Joëlle Bagautdinova, Steven L. Meisler, Matthew Cieslak, Lucinda M. Sisk, Christos Davatazikos, Alexandre R. Franco, Meike D. Hettwer, Arielle S. Keller, Gregory Kiar, Audrey C. Luo, Allyson P. Mackey, Michael P. Milham, Tyler M. Moore, Valerie J. Sydnor, Kevin Y. Sun, Fang-Cheng Yeh, Ran Barzilay, Damien A. Fair, Russell T. Shinohara, Aaron Alexander-Bloch, Theodore D. Satterthwaite

Project Start Date

June 2025

Dataset

ABCD, with replication in HBN

Github Repository

https://github.com/PennLINC/macedo_wm_exposome

Respublica Project Directory

/mnt/isilon/bgdlab_hbcd/projects/macedo_wm/exposome

Slack Channel

#macedo_tractometry

Directory Structure

project_root/
├── code/
├── input_data/
   ├── HBN/
   └── ABCD (files at root)
├── output_data/
   ├── cleaned/
      ├── HBN/
      └── ABCD (files at root)
   ├── harmonized/
      ├── HBN/
      └── ABCD (files at root)
   ├── model_outputs/
   └── results/
       ├── main_figures/
          ├── figure2/
          ├── figure3/
          ├── etc
       └── supplemental_figures/

Code Documentation

Step 0: Required Software

To access required Python software, you can download the macedo-em-exposome-env.yml file from GitHub: https://github.com/PennLINC/macedo_wm_exposome/blob/main/macedo-em-exposome-env.yml

Then, you can use anaconda/mamba to create an environment with the required software packages.
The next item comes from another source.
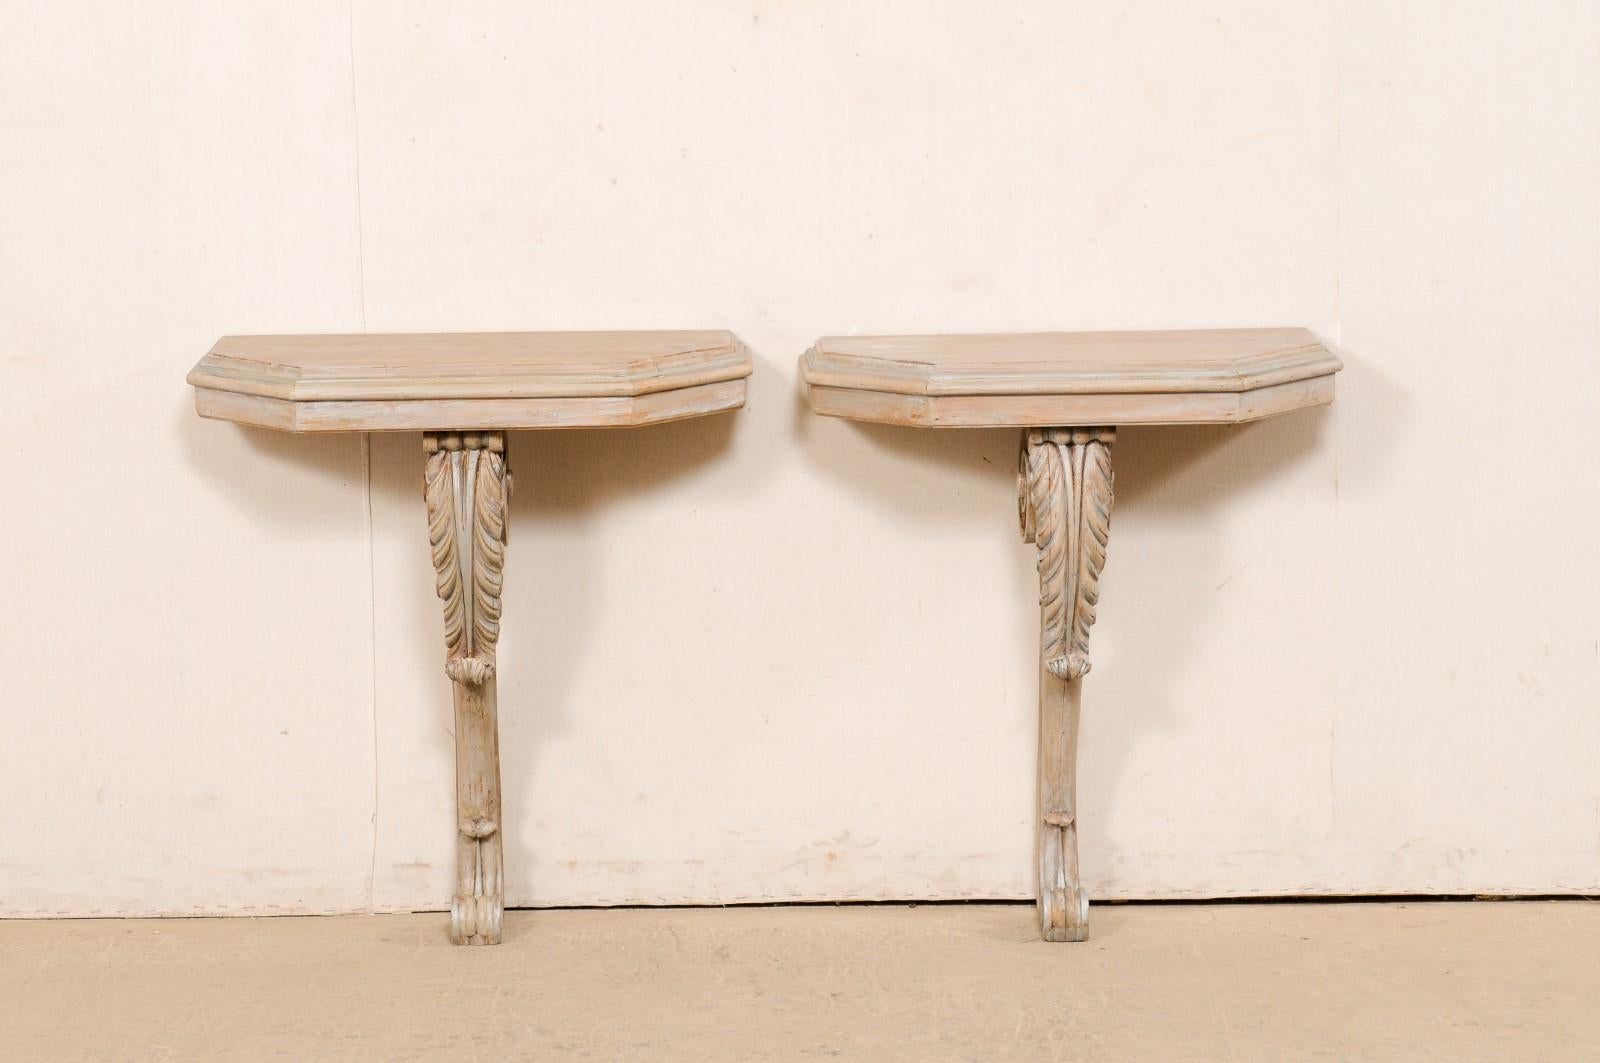 An American pair of carved-wood and painted wall mounted consoles from the mid 20th century. This vintage pair of console tables have been designed in French style, with demi-polygon shaped top, which is supported with a single leg/brace of carved
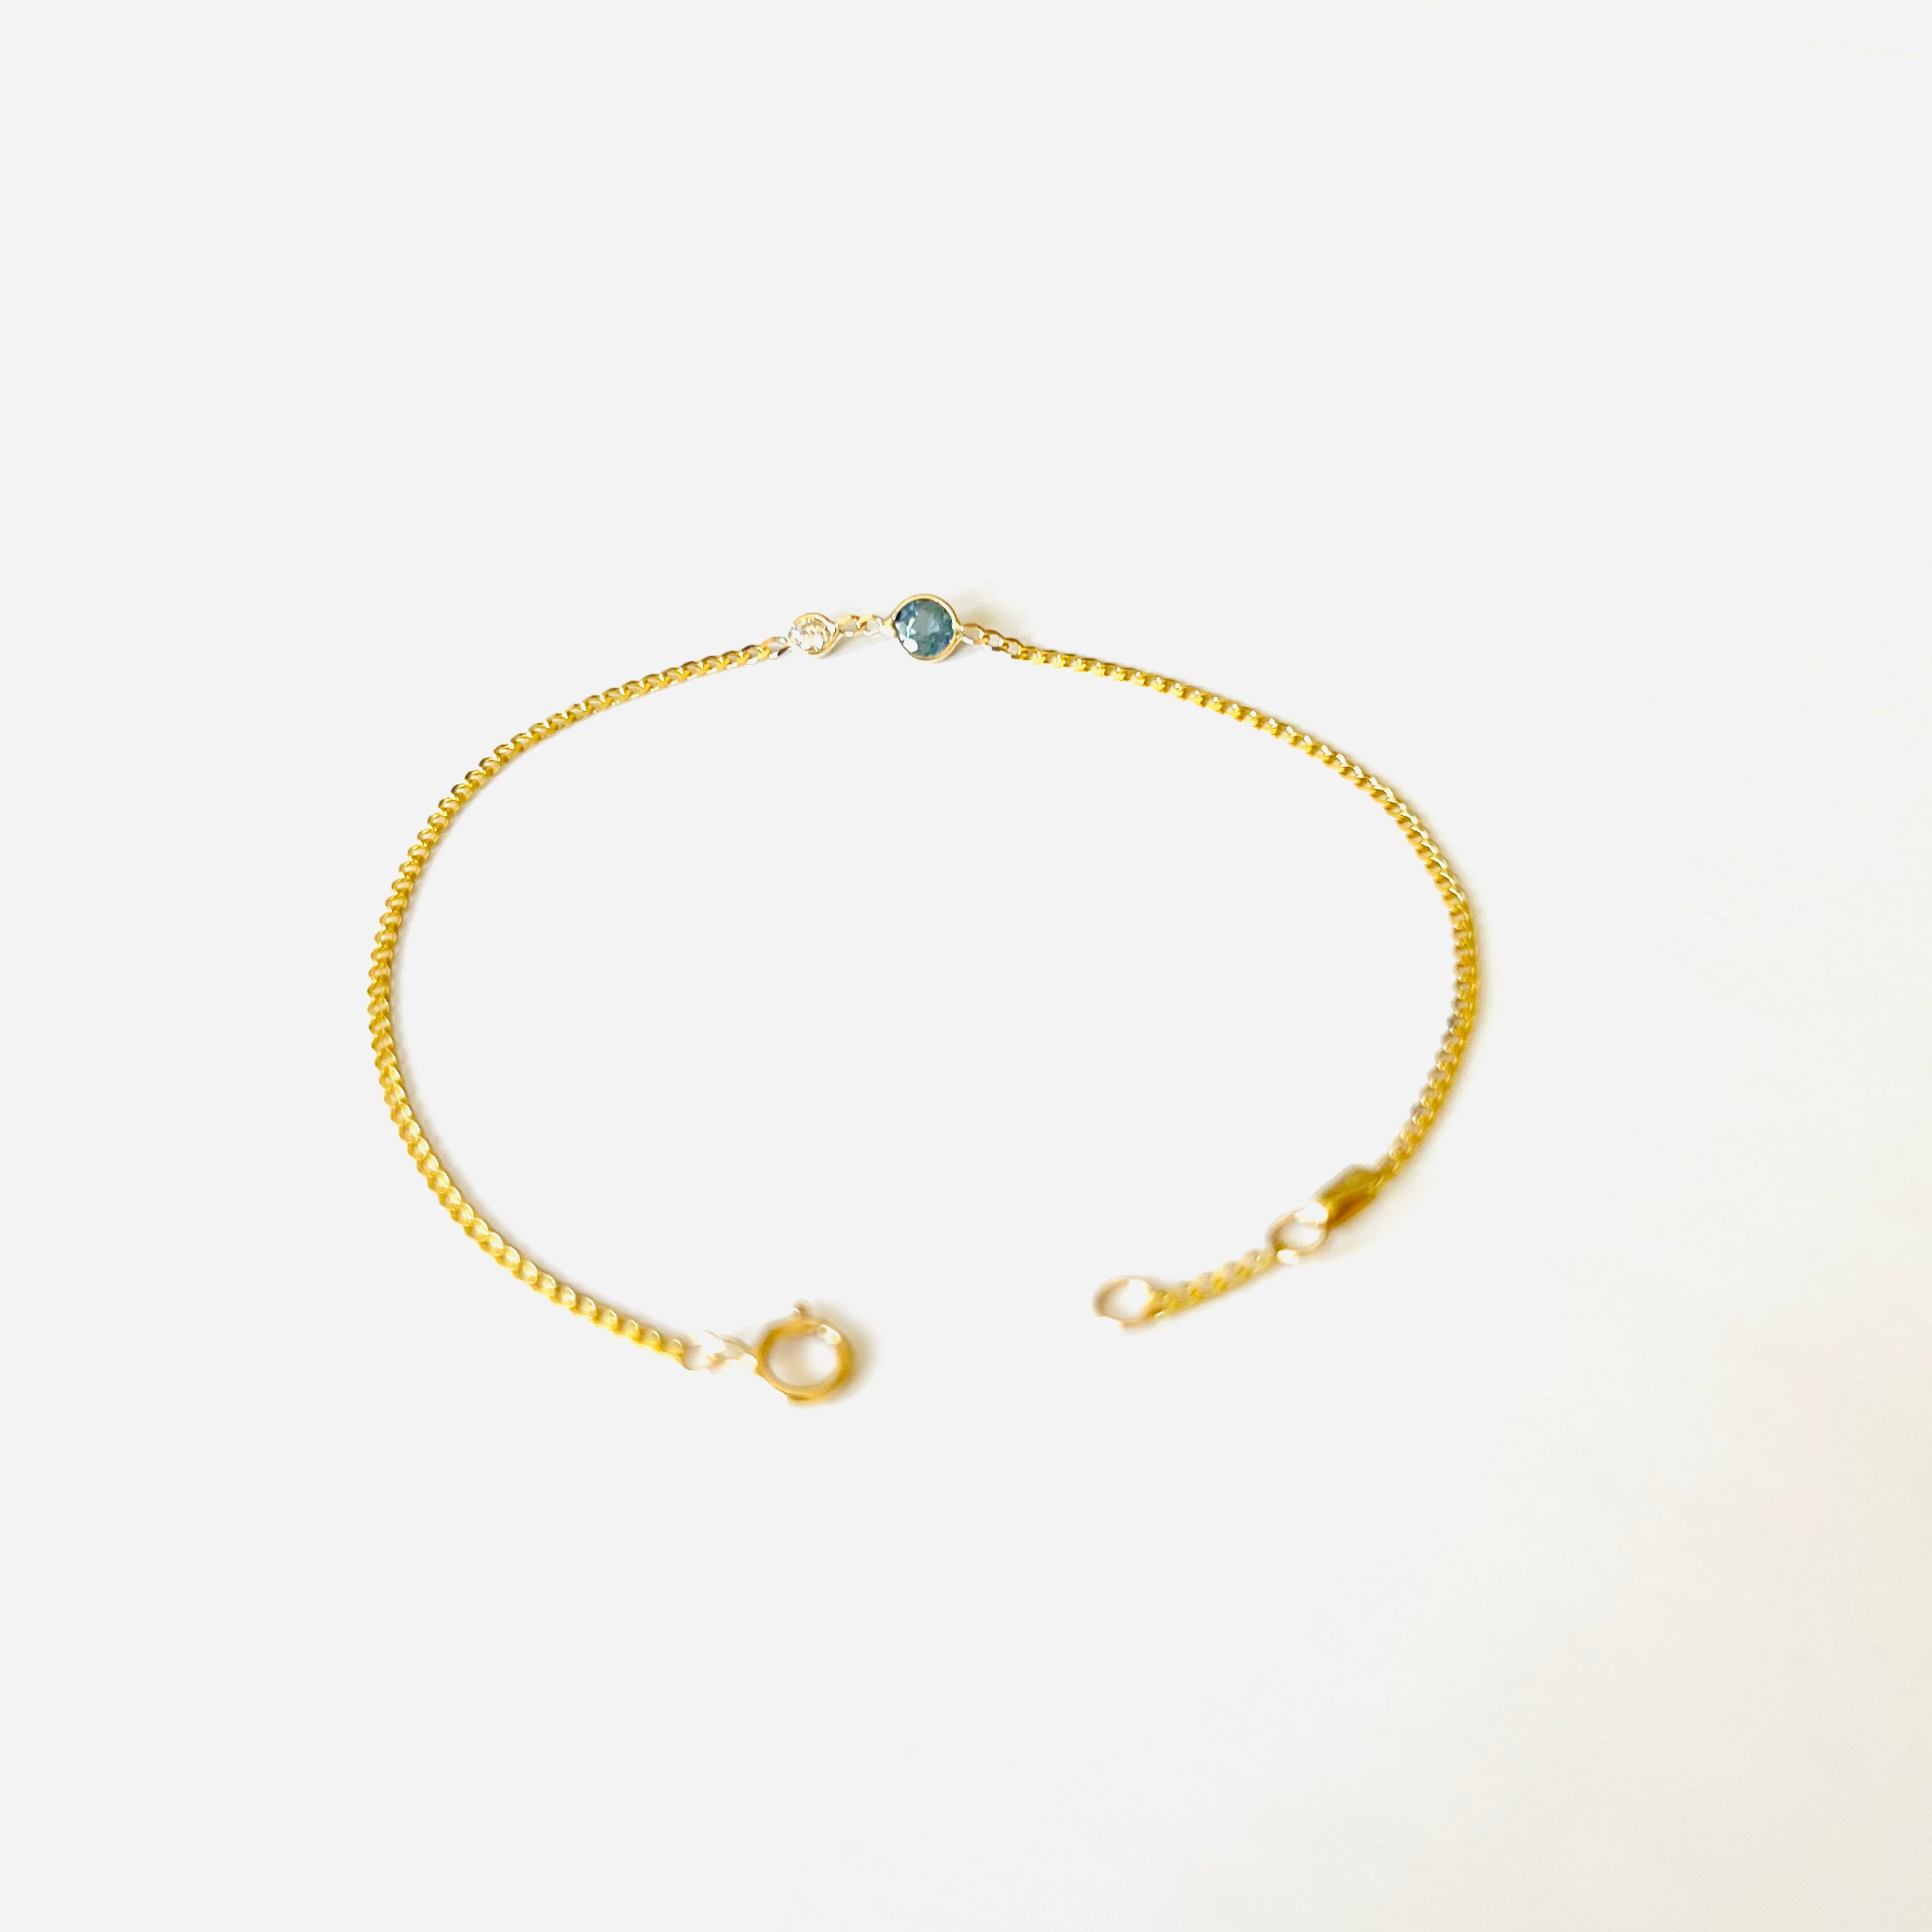 Sapphire And Diamond Bracelet in Solid 14k Yellow Gold 7"

To access required R software, you can download install_r_packages.sh file from GitHub and then run

To generate tracts, we use DSIStudio: https://dsi-studio.labsolver.org/download.html for MacOS15+.

Step 1: Prepare Dataset

** Python Notebook:** Step1_Data_Prep.ipynb

Goal

Create a single ABCD baseline arm dataframe that merges:

Inputs

  1. dMRI processed data from Steven: /mnt/isilon/bgdlab_hbcd/projects/meisler_abcd_dmri_new/data/raw_data/merged_data_meisler_analyses.parquet
  2. ABCD Reproducible Matched Samples: participants.tsv from ABCD to determine demographically matched split halves using the matched_group variable. Also contains data for sensitivity analyses: namely the categorical parental_education and income variables. Sets values 777 (Don’t Know) and 999 (Declined to answer) to NA when creating the sample for the sensitivity analysis.
  3. Exposome scores from Arielle: abcd_longitudinal_factor_scores_7f_bifactor.csv
    1. Keller AS, Moore TM, Luo A, et al. A general exposome factor explains individual differences in functional brain network topography and cognition in youth. Dev Cogn Neurosci. 2024;66:101370. doi:10.1016/j.dcn.2024.101370
  4. Area Deprivation Index (ADI; for sensitivity analysis) from Steven, downloaded from LASSO
    1. /mnt/isilon/bgdlab_hbcd/shared_data/ABCD/LASSO_tabular/dairc/rawdata/phenotype/le_l_adi.parquet
  5. Cognition data from Kevin: cognition_data.csv
    1. Thompson WK, Barch DM, Bjork JM, et al. The structure of cognition in 9 and 10 year-old children and associations with problem behaviors: Findings from the ABCD study’s baseline neurocognitive battery. Dev Cogn Neurosci. 2019;36:100606. doi:10.1016/j.dcn.2018.12.004
  6. Combine all of this data using subject IDs from baseline arm (ages 9-10).

Feature exclusion

Remove:

Outputs

  1. Primary merged dataset (exposome + WM + cognition + matched_group) -> add your csv name here exposome_FINAL_11_3.csv
  2. Primary merged cognition dataset (exposome + WM + cognition + matched_group)
    1. exposome_FINAL_cognition_11_10.csv
  3. Sensitivity dataset (WM + cognition + matched_group + parental_education + income)
    1. parental_edu_income_sensitivity_df.csv

Step 2: Covbat Harmonization

R Script: Step2_covbat_harmonization_ses.R

Run this script in the terminal with:

srun -c 4 --mem=32G -t 24:00:00 ~/miniforge3/envs/macedo-wm-exposome-env/bin/Rscript /mnt/isilon/bgdlab_hbcd/projects/macedo_wm_exposome/macedo_wm_exposome/code/Step2_covbat_harmonization.R <analysis_type>

Analysis types are: main, cognition, and income. Each one takes a little while to run!

Goal

Harmonize white matter features across ABCD sites using CovBat with:

These two harmonized datasets are later used depending on which split half is treated as the training set in downstream analyses.

Inputs

Covariates protected

Main analysis: we protect age, sex, and all of the exposome scores and subfactors:

model.matrix(~ age + sex + General_SES + School + 
							Family_Values + Family_Turmoil + 
							Dense_Urban_Poverty + Extracurriculars + 
							Screen_Time, data = exposome_df_filt)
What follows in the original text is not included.